If any word written in the dictionary 10 is present in the voice input, the voice recognition apparatus 8 writes a bit corresponding to the word in the register 12. If the word indicates affirmation or negation, “0” or “F” is outputted for the affirmative/negative bit. The bit of each subject corresponding to the word indicating affirmation/negation is set to “F”. Further, if any keyword corresponding to the group of subjects is found, the bits of subjects included in the group are set to “F”. Then, each time the voice recognition apparatus 8 finds a keyword, data is written in the register 12 by OR addition. For example, if an answer “Literature please.” is inputted in department guidance in a university, “literature” is detected as a keyword, and the bit of the subject corresponding to the keyword is set to “F”. The other bits remain “0”. Further, since “please” corresponds to affirmation, the affirmative bit at the head is kept at “0”, and the values of the other bits are not changed. In this case, the affirmative bit is set to “0”, and the output is affirmative. Since the bit of “literature” is set, and the other bits are not set, only the guidance of literature is requested. In the case of “literature and economics, please”, the bit of “literature” and the bit of “economics” are set, and the affirmative/negative bit remains “0” indicating affirmation.
According to a special rule for recognizing a choice from the enumerated keywords, in the case of input without specifying keywords such as “yes” and “it”, it is determined that the keyword outputted immediately before the input is selected with affirmation. Though the rule is provided in preparation for the input of “yes” or the like in the middle of the second keyword enumeration, it is not essential to provide this rule. Further, for the input including two or more words of affirmative/negative structures such as “I don't need literature, but I want to know economics”, a plurality of registers 12 may be provided. In this case, in the register of the first stage, for “I don't need literature”, the value of the affirmative/negative bit is set to “F” indicating negation, and the bit of “literature” is set to “F”. In the register of the next stage, “I want to know economics” is processed. That is, the affirmative/negative bit is set to “0” indicating affirmation, and the bit of “economics” is set to “F”. The recognition result of this case is same as that in the case of “I want to know about the economics department”.
Referring back to
In the input scenario, from enumeration of the keywords in step 1, the input is received (accepted), and voice recognition of the voice input is carried out. Sound recognition of the voice input may be stared from the pause in step 2 or the second keyword enumeration in step 3. In step 7, the input result is determined. In the absence of effective input, the routine returns to the pause in step 2 or the second keyword enumeration in step 3, or carries out a process of repeating enumeration of the keywords or the like for receiving the input again. If all the choices are negated, the routine proceeds to another process. If one or more keyword is selected, guidance is provided for the selected keyword or combination of the selected keywords.

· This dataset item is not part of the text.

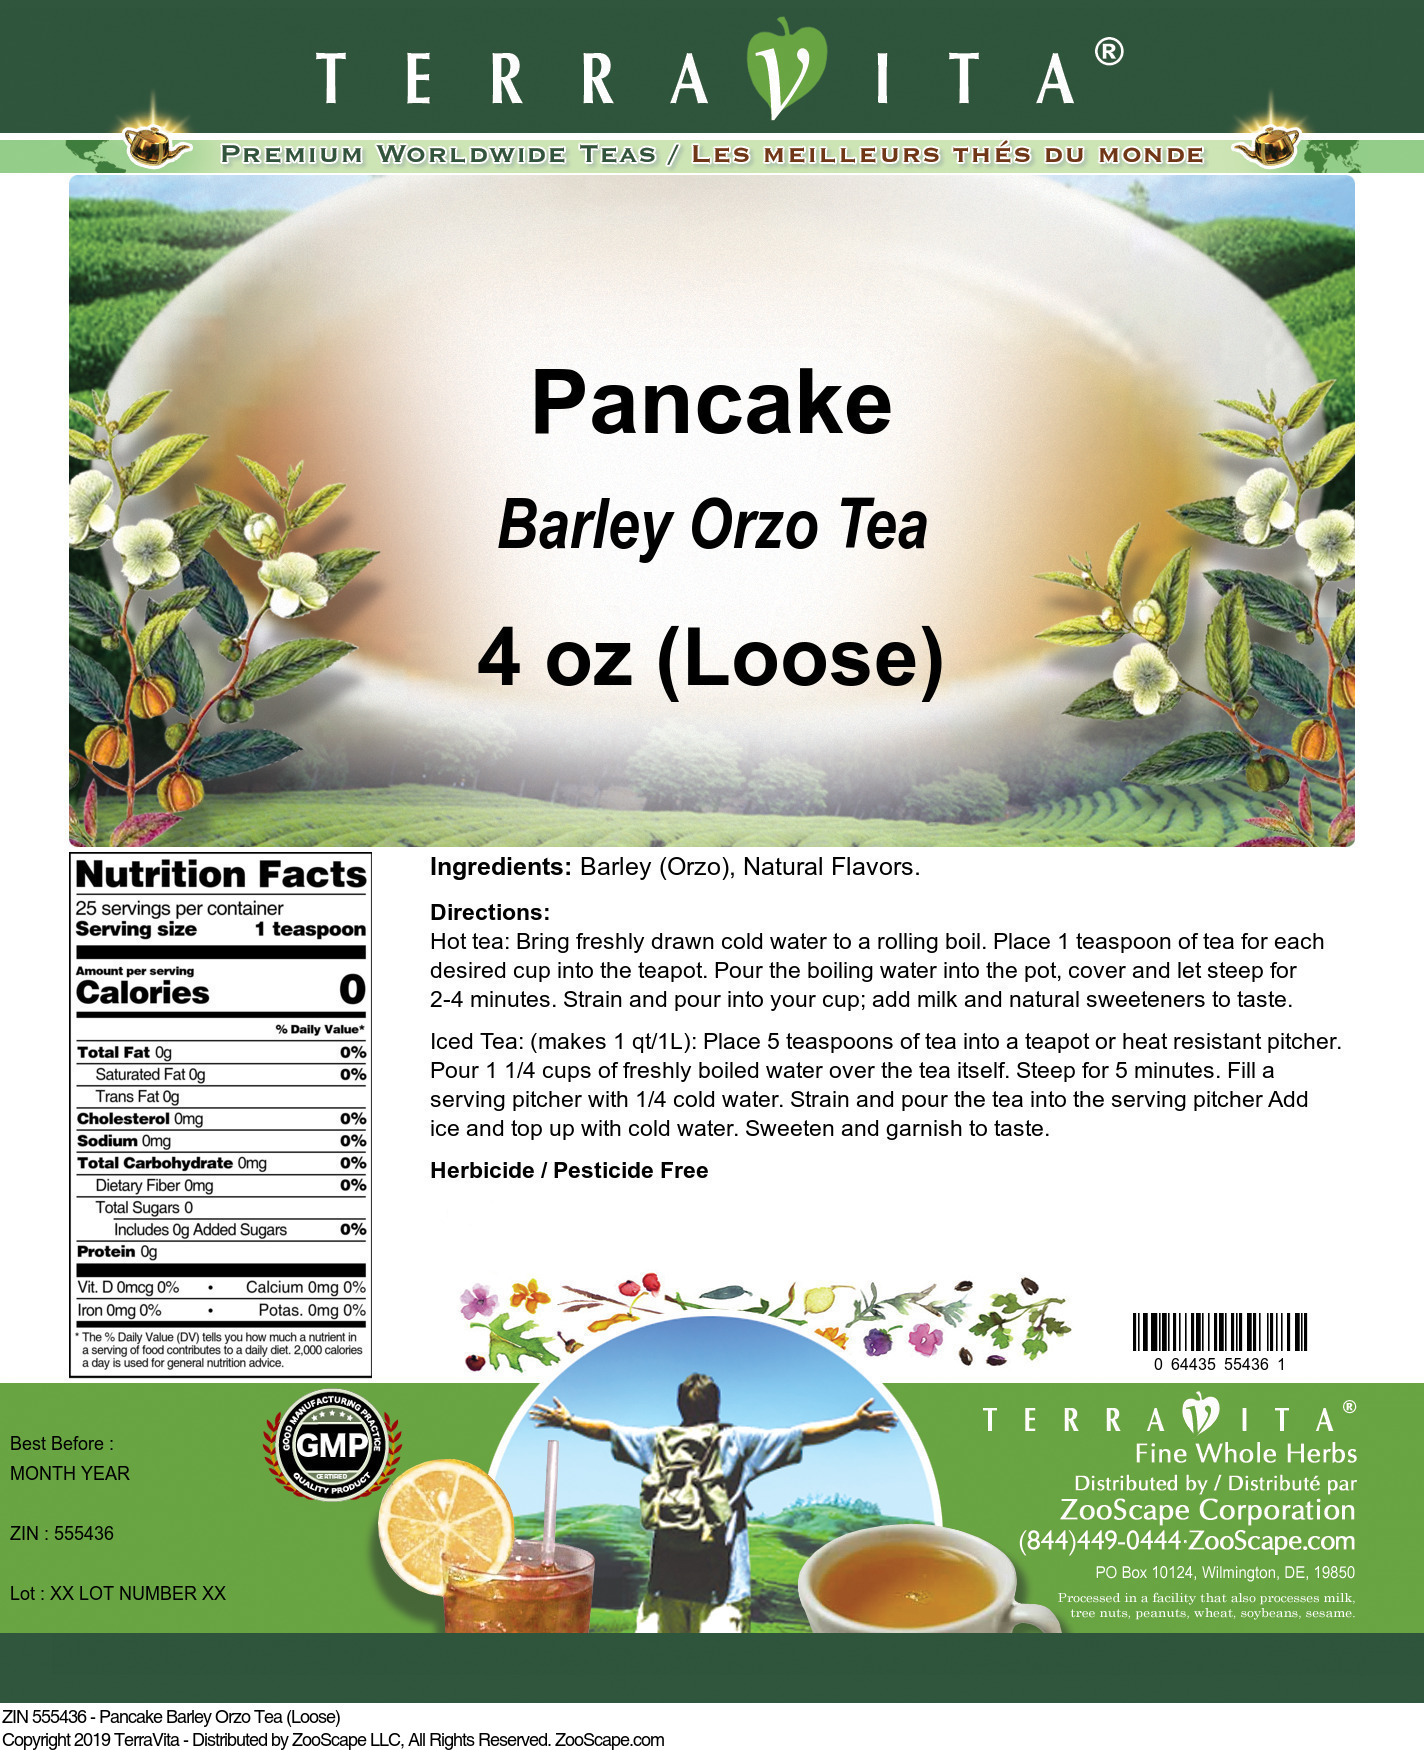 Pancake Barley Orzo Tea (Loose) - Label

An answer of “economics” or the like may be inputted at the time of step 11. In preparation for such voice input, in the input scenario, voice input is recognized from the keyword enumeration in step 11. Recognition of voice input may be started from the second keyword enumeration in step 13. In step 17, the routine proceeds to a process branched in accordance with the input result.
In the embodiment, the following advantages can be obtained.
(1) Since keywords are enumerated two or more times, it is not likely that a person fails to hear any of the keywords.
(2) In the first keyword enumeration, the person roughly understands the overall keywords, and in the second keyword enumeration, the person can hear the keyword correctly, and make an answer. Therefore, the correct answer can be made easily.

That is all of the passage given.